Крымские тетради
Шрифт:
Страх прошел, уступив место нервному возбуждению: мы наперебой делились впечатлениями от своей первой партизанской засады. Тут же пошла неудержимая фантазия!
Вечер окутал нас неожиданно, дальнейший марш не имел смысла. Нашли поляночку под развесистым, древним-предревним дубом, на котором листва только пожухла, и расположились на ночевку. Но заснуть мы так и не смогли. Беспокоило возбуждение, донимал . и дождь, который прорывался к нам сквозь крону твердыми крупными каплями.
Где же искать Бортникова?
Вдруг
Вот когда я впервые узнал, что такое Крымские горы! Мне до этого казалось, что только южная часть полуострова - так километров на шесть, не более, - является районом гор, а дальше, за яйлой, тянется плоскогорье, сходящее в равнину.
Оказывается, за яйлой и начинается дикая часть Крыма. Тут бездонные ущелья, неожиданные провалы, головокружительные скалы, каменные террасы, сосны, искореженные ветрами. Не тропы, а канаты, натянутые между ущельями.
А кручи, кручи! Мне очень трудно, не дышу, а хватаю воздух больными легкими, мне его мало, и я задыхаюсь на каждом шагу.
Семенов - он все время рядом - сухопар, легок, не поймешь: устает он или вообще не знает, что это такое? Он повсюду одинаков - и на головокружительном спуске, и на подъеме чуть ли не под прямым углом. Одно ясно - старается мне помочь, но с тактом, не навязчиво.
Подъем и подъем! Когда же ему конец, проклятому?
Неужели сдам?
Тащусь в полубреду каком-то, боюсь даже вперед посмотреть.
Подъем взят, я валюсь на мокрую листву и пальцем не могу шевельнуть.
Семенов обеспокоенно потянул носом:
– Никак, дымом несет?
Вскакиваю, подбегаю к пулемету.
Мы прячемся за толстыми стволами черных буков - здесь их царство, оглядываемся.
Окрик со стороны:
– Кто такие?
Поворачиваю на крик ствол пулемета, громко спрашиваю:
– А вы?
– Старшой ко мне! Остальным не двигаться!
Да это же бортниковский голос!
– Иван Максимович!
Мы обнимаемся, потом я отступаю на шаг от командира: да он ли это? Совсем не схож с тем человеком, кого я встречал в учительской атлаусской школы! Во-первых, лет на двадцать постарел: во-вторых - и это меня удивило, - в его глазах стояла такая тоска, что хоть руки опускай.
– Что случилось, Иван Максимович?
8
Одно лишь громкое название: штаб района! Ни комиссара, ни начальника разведки. Нет комендантского взвода, пункта связи.
Где же комиссар? Я точно знаю: утвержден первый секретарь Ялтинского райкома партии Мустафа Селимов. Мы уговаривались: он самостоятельно доберется до Бортникова. Может, еще придет, ведь и я пришел только вчера!
Но комиссар не пришел ни сегодня, ни вообще. Говорят, заболел; так или не так - не знаю, но мы остались без комиссара района.
Вечер. В центре маленького шалашика -
Я узнал: штабная база выдана врагам, кто готовил ее - тот и выдал; в полном составе покинул лес один из наших отрядов - Фрайдоровский. Сто пятьдесят партизан этого отряда подхватила волна отступления и бросила прямо в Севастополь. Кроме того, нет связи никакой с двумя отрядами: Куйбышевским и Акмечетским. Бортников приблизительно знает их месторасположение, но это мало что значит.
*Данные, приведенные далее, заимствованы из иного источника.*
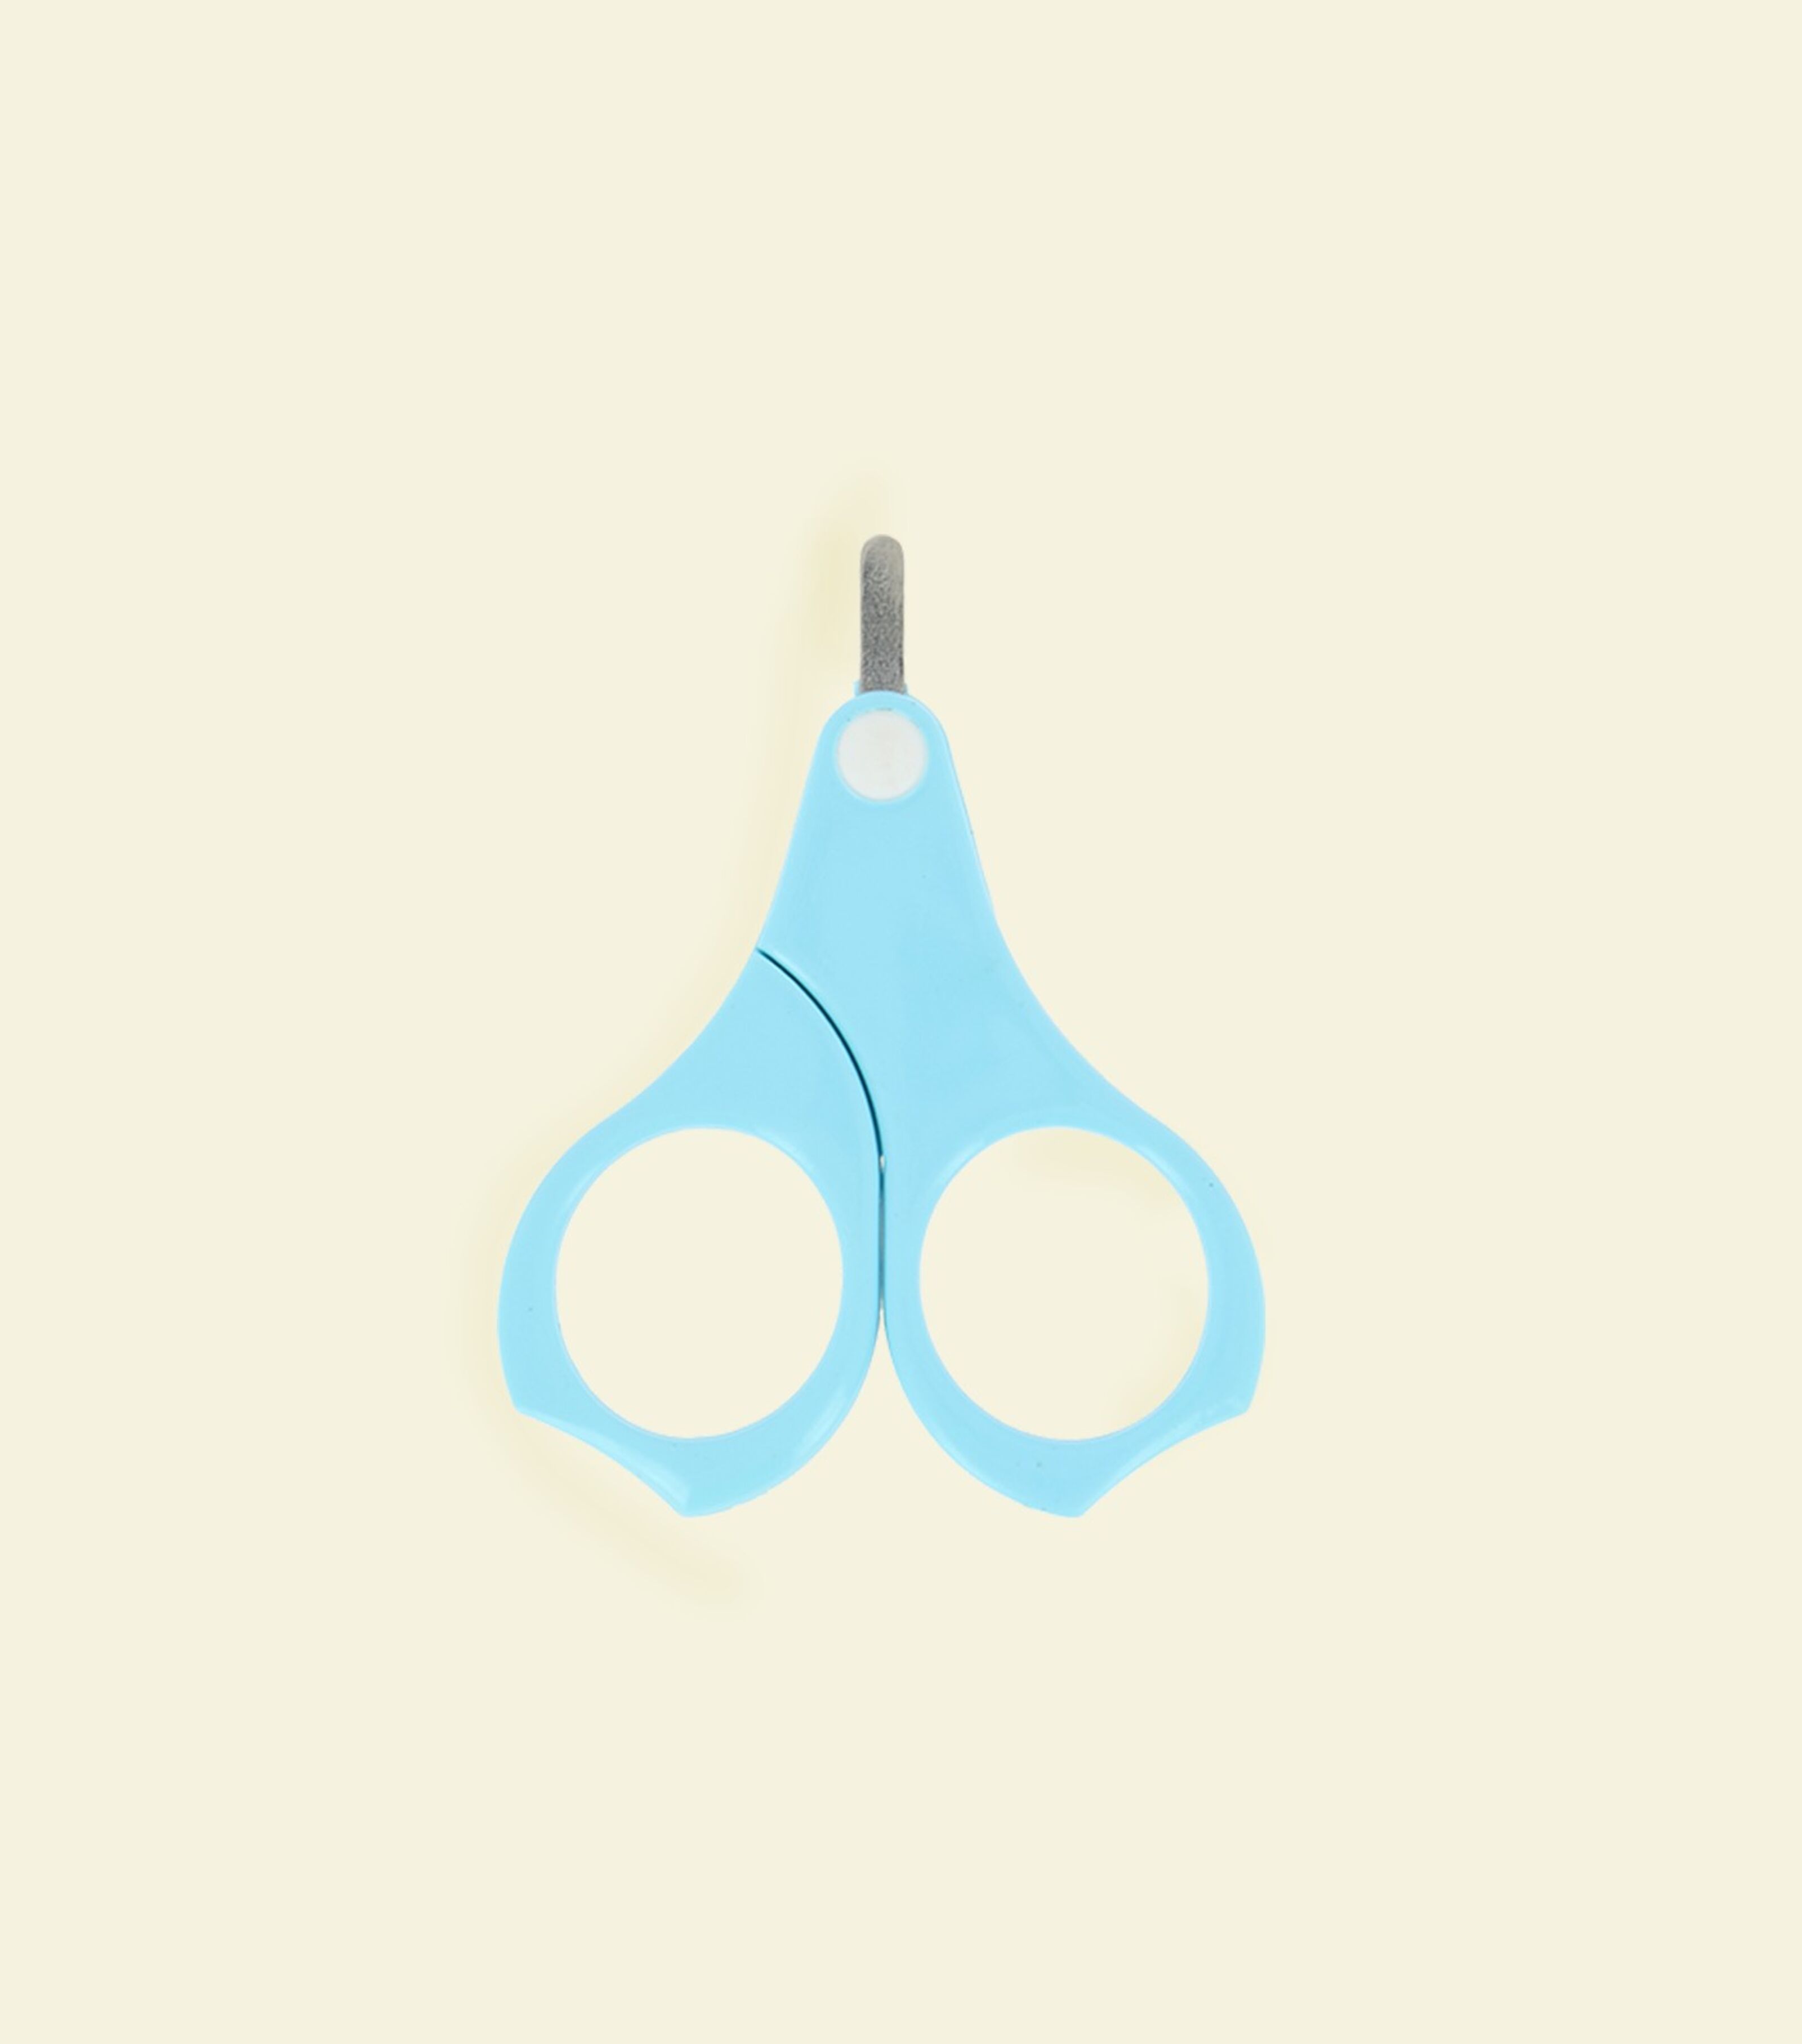 Buy wholesale Baby Scissors (SKU: 2000BB-JCHBA2/blue)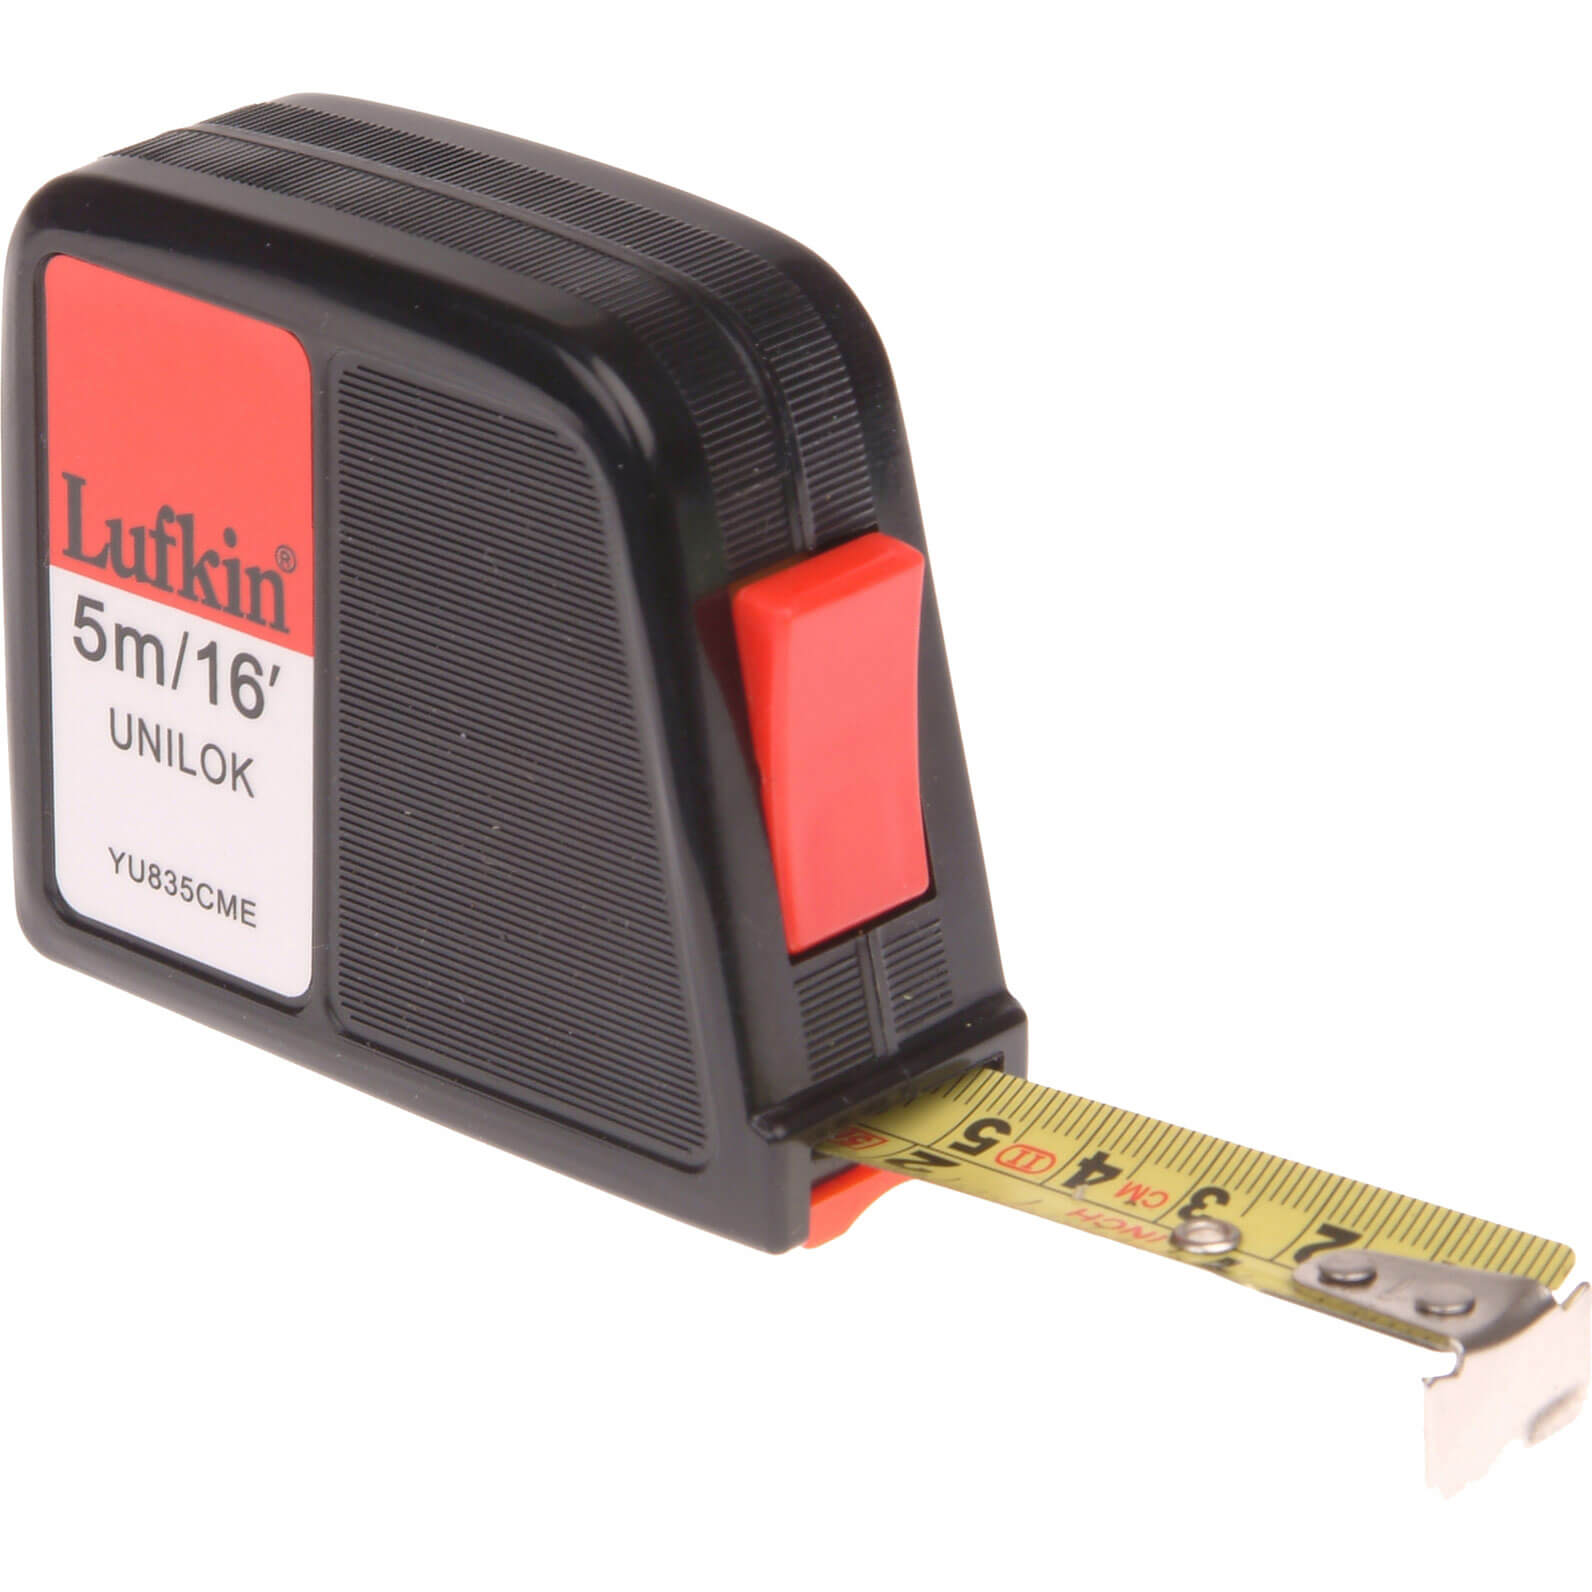 Image of Lufkin Unilok Tape Measure Imperial & Metric 16ft / 5m 19mm

Одним словом, полный ералаш, и это в то время, когда Красников, находясь в тысячу раз сложнейшем положении, чем мы, бьет фашистов под носом крупных немецких штабов.
А я там, на Атлаусе, не совсем серьезно принял Красникова в роли командира партизанского соединения, а Бортниковым с первого взгляда был восхищен.
Как все сложно!
Бортников забрался к черту на кулички и скорбит. Его что-то особенно тяготит, а что? Спросить?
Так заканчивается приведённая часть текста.